Well-designed stablecoins could give retail users and businesses a meaningful asset for managing payments (both domestic and cross-border) and storing value without exposing them to commercial bank credit risk. The MMF industry serves a similar set of purposes today, but nobody treats MMFs as money because they are not functionally built to serve as payments instruments. Effectively-designed stablecoins could serve a purpose similar to CBDC, but would retain the current relationship between individuals’ economic activity and visibility from the government in addition to carrying less operational and execution risk. Other jurisdictions, such as the U.K. and Europe, are already along this path, and it is time for the U.S. to step to the plate.

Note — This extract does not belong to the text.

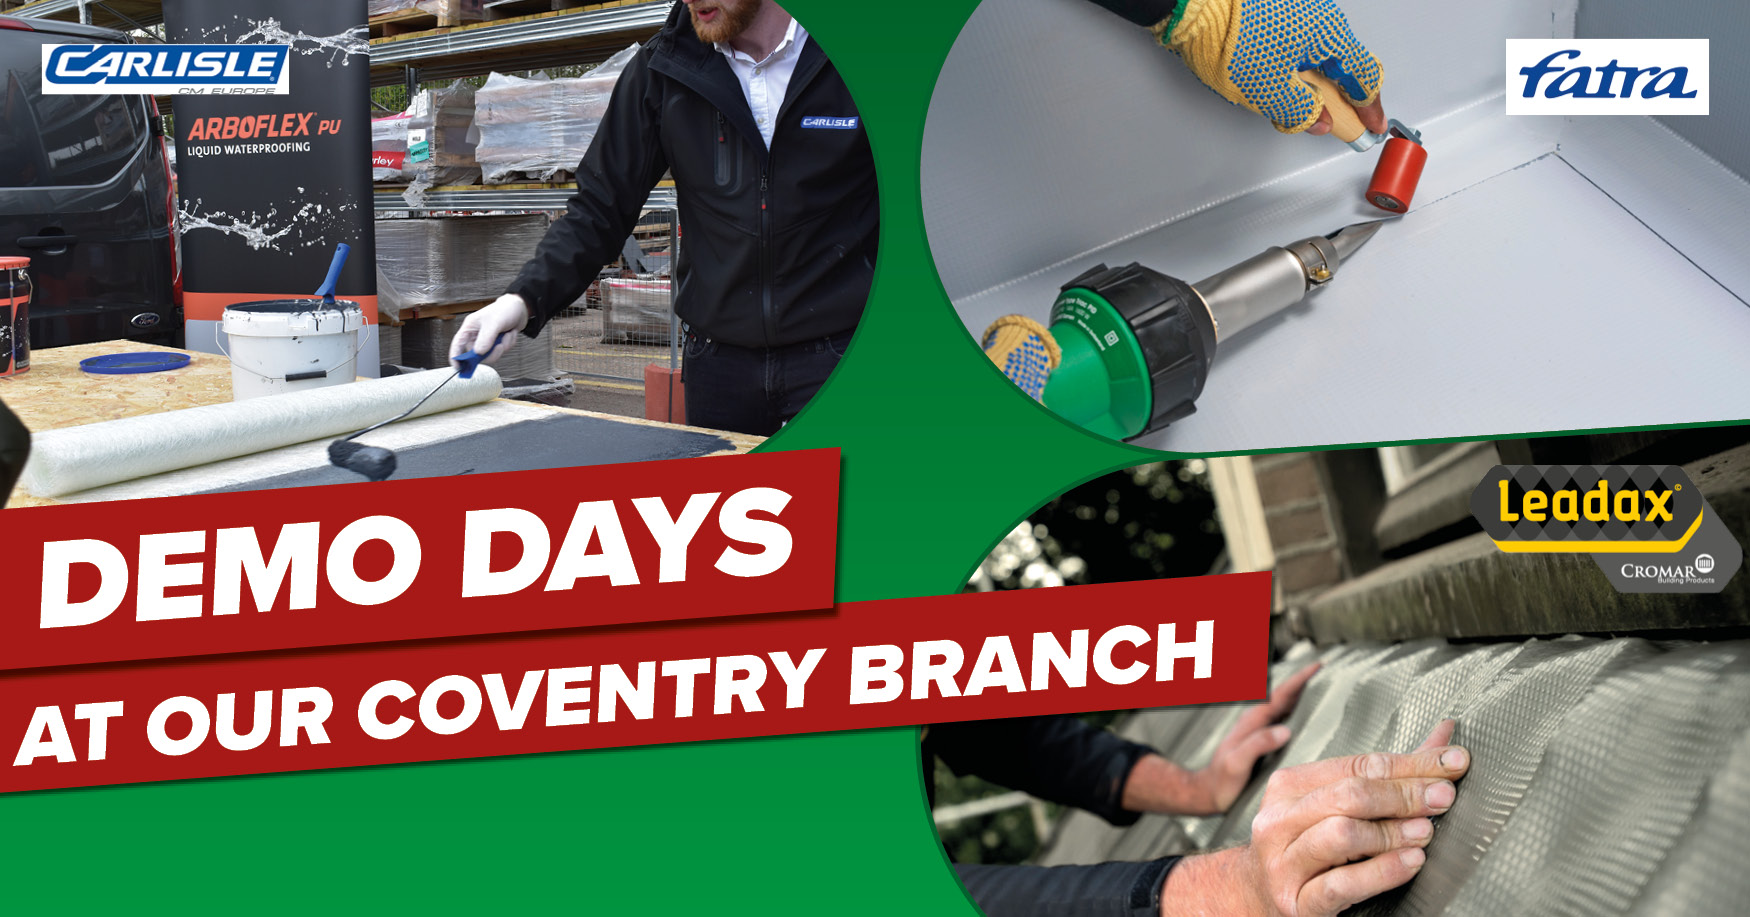 Coventry Demo Days Announced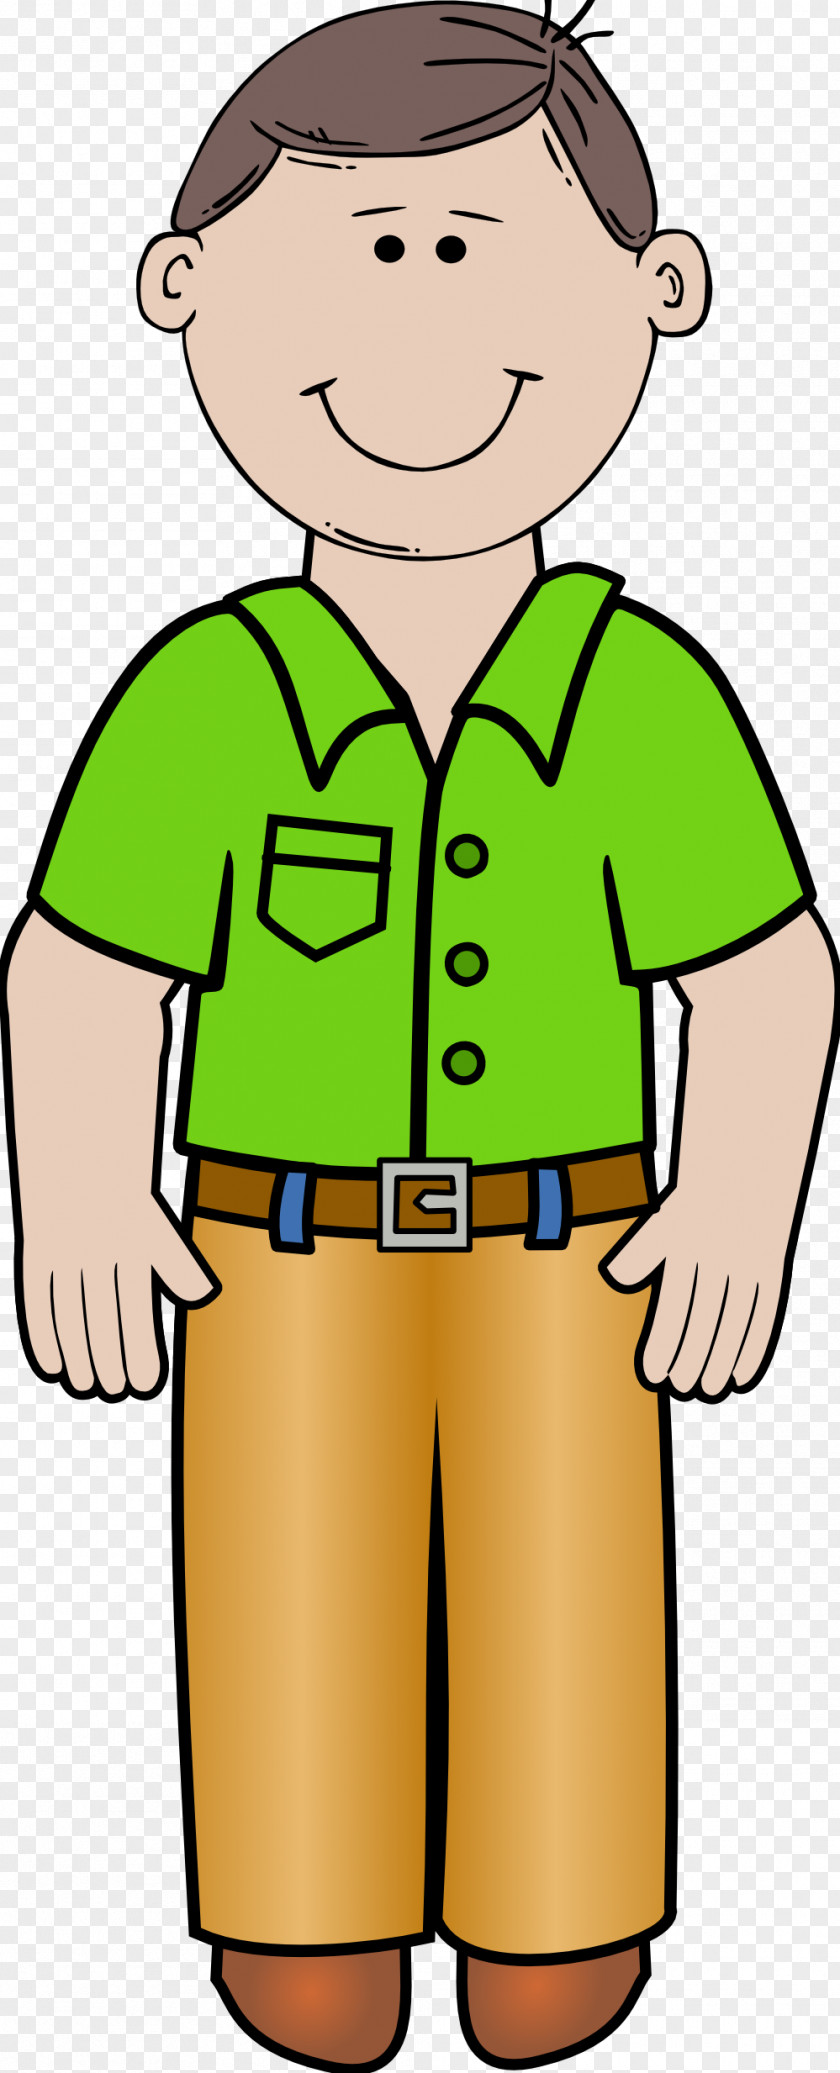 Overwhelmed Dad Cliparts Father Mother Cartoon Clip Art PNG

Although many details still need to be sorted, it is encouraging to see Congress considering legislation that would solidify the role of stablecoins in the digital economy.

Conclusion

For most Internet-native people, SVB was the first bank failure with significant resonance, and the first major event that spotlighted the role of private credit in underpinning our current system of money. As revealed by decisions made following the events that led to SVB’s deposit outflows, there is a renewed public focus on the potential need to reduce both the role of credit in money creation and the lack of transparency around credit-based monies. Crypto and stablecoins are limited in their reliance on credit, which makes them an attractive option for many applications in today’s interconnected digital world.

Notes

Footnotes

  1. U.S. government debt is conceptually a claim on future government cash flows vis-a-vis collected tax revenue. The riskiness of government debt is predicated on the government’s ability to collect taxes in the future and the assumption that the purchasing power of the dollar in real terms will not erode over time. Testing these assumptions is beyond the scope of this paper.

  2. For example, the current model of USD dominance requires the U.S. to run persistent current account deficits, which requires large amounts of fiscal and household debt and has the downstream effect of eroding the U.S. manufacturing base and bargaining power of workers.